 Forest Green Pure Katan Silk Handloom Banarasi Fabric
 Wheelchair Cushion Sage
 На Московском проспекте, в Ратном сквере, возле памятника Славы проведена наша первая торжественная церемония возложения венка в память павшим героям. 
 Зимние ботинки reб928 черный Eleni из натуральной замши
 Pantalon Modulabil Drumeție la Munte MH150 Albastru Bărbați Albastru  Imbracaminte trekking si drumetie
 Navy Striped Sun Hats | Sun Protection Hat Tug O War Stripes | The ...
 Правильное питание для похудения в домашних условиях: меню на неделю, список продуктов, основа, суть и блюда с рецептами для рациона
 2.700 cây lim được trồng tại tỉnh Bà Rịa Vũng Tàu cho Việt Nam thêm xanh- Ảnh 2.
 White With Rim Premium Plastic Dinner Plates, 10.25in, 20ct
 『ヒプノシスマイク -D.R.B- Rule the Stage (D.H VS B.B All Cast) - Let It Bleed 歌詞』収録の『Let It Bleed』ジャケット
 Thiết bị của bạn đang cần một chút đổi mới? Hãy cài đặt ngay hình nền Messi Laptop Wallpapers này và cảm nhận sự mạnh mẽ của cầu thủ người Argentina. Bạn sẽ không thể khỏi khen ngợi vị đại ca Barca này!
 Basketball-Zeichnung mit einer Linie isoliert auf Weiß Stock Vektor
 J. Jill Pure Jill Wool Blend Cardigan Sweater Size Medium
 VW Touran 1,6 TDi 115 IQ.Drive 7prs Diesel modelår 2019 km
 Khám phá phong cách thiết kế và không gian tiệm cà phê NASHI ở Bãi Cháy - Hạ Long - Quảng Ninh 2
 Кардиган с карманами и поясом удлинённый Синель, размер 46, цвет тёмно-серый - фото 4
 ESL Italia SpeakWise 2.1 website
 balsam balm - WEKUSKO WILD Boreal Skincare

=== WORK ORDER ===
For the word "Pure", say how many lines of the records above contain it. Reply with the number alone.

=== ANSWER TO THE PROBLEM ===
2